The fix is structural. CMOs should define brand guardrails, clarify metrics like ROI and brand lift, and let creators execute with creative freedom.
Retail media gets sharper and harder to ignore
Retail Media Networks (RMNs) continue their rise. Kantar’s LIFT data shows they deliver 1.8 times better results than standard digital ads and nearly 3 times better results for purchase intent.
With over 200 RMNs and counting, brands and retailers must work together to unify shopper data and streamline ROI measurement. RMNs are evolving beyond static placements into dynamic, shoppable experiences across CTV and streaming.
In 2026, a net 38 percent of marketers plan to increase their investment in retail media, making it one of the fastest-growing performance channels.
Micro-communities offer deeper trust
As social media platforms deprioritize organic reach, micro-communities are gaining power.
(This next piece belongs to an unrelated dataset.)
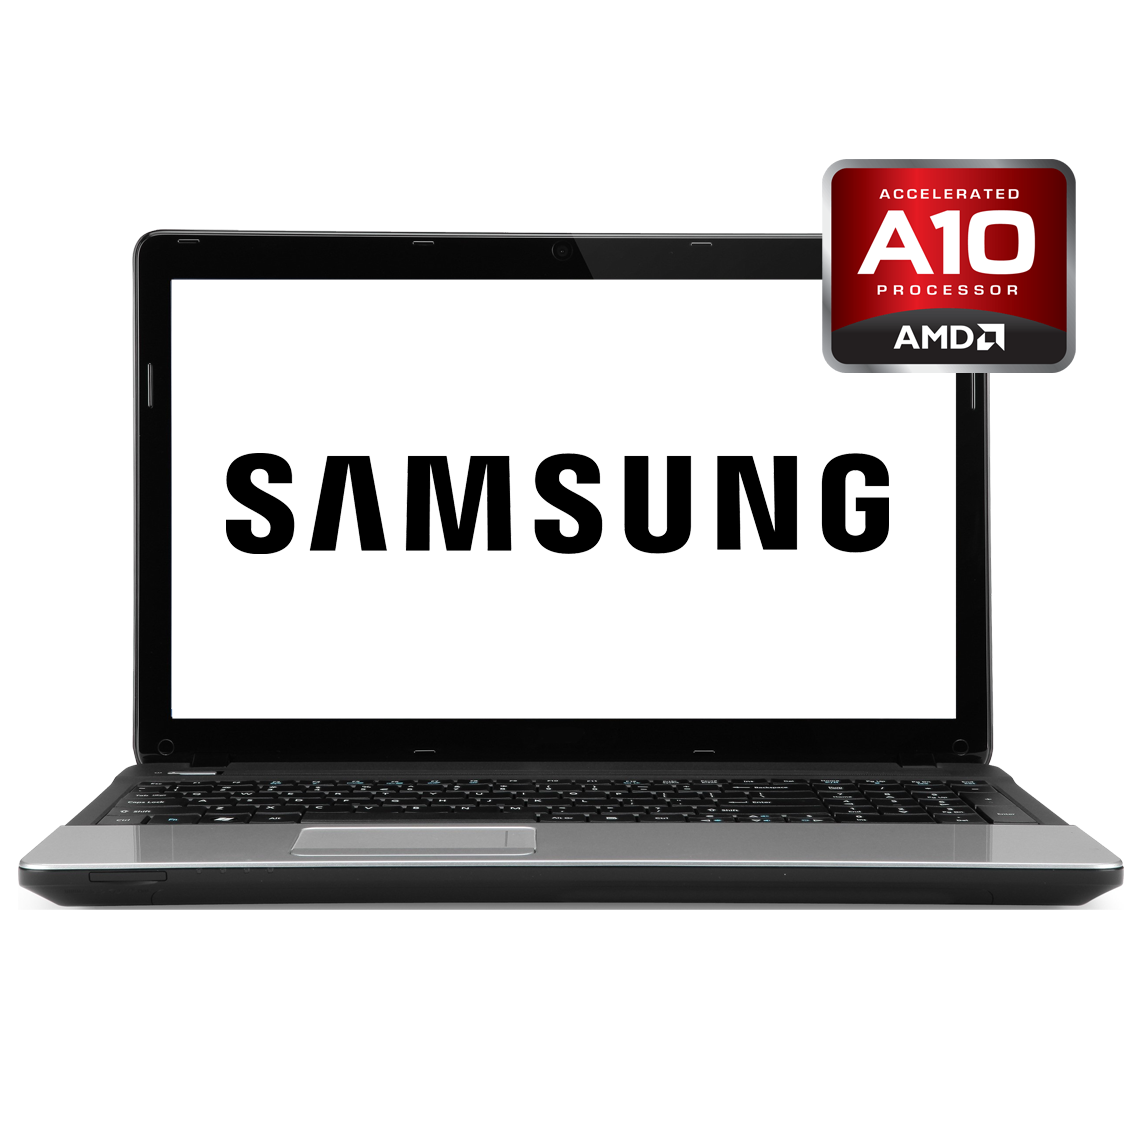 Samsung - 14 inch AMD A10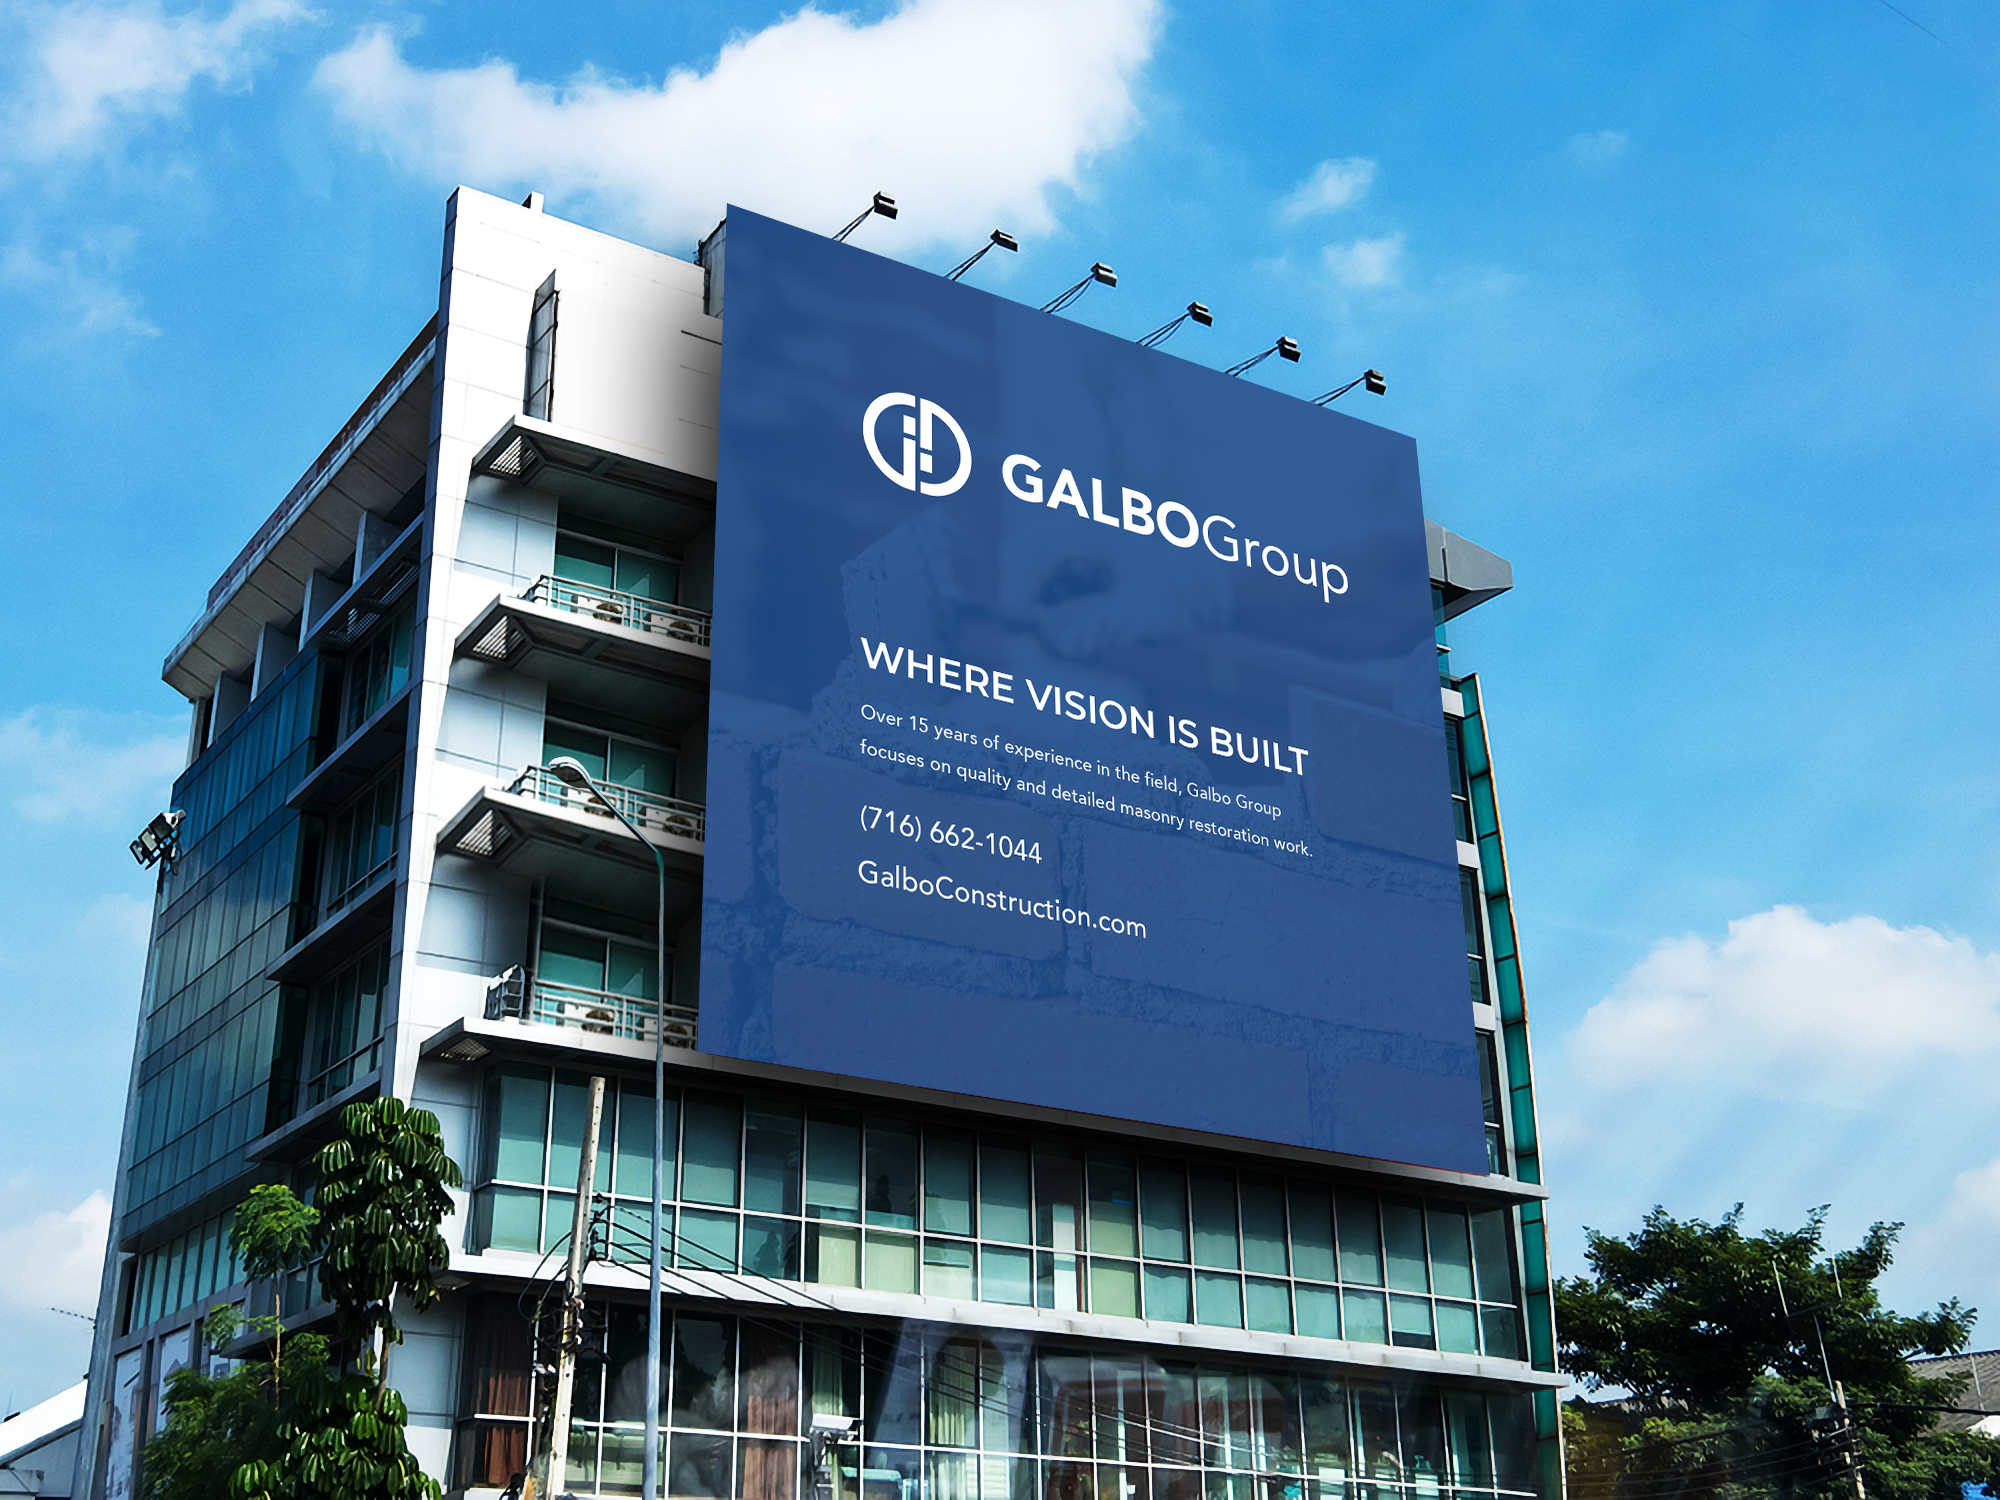 Galbo+Outdoor+Advertisement+Building+Billboard+Mockup+2.png

Kantar’s data from China shows brands using knowledge-sharing micro-communities saw a 25% higher marketing ROI.
Nearly 40% of consumers trust micro-community recommendations as much as personal ones, showing these peer-to-peer channels carry serious weight.
For brands, this means ditching generic, salesy content in favor of engagement built on shared interests and creator collaboration.
Inclusion is not optional. It is a growth driver
According to Kantar’s Global MONITOR, 65% of people value companies that promote diversity and inclusion, up from 59% in 2021.
Inclusion is no longer just good PR. It is a growth engine. Brands that authentically represent underserved communities, both internally and externally, will be more resilient to backlash and better positioned to grow.
CMOs should invest in inclusive product development, representational storytelling, and culturally fluent brand strategy that goes beyond campaign messaging.
Over the past two decades, brands that disrupted themselves or their categories—like Apple and Amazon—added US$6.6 trillion in incremental value, according to Kantar BrandZ.
In 2026, that lesson still holds. The biggest risk is playing it safe. CMOs must give teams room to experiment, fail fast, and innovate from a place of brand purpose rather than chasing tech trends for their own sake.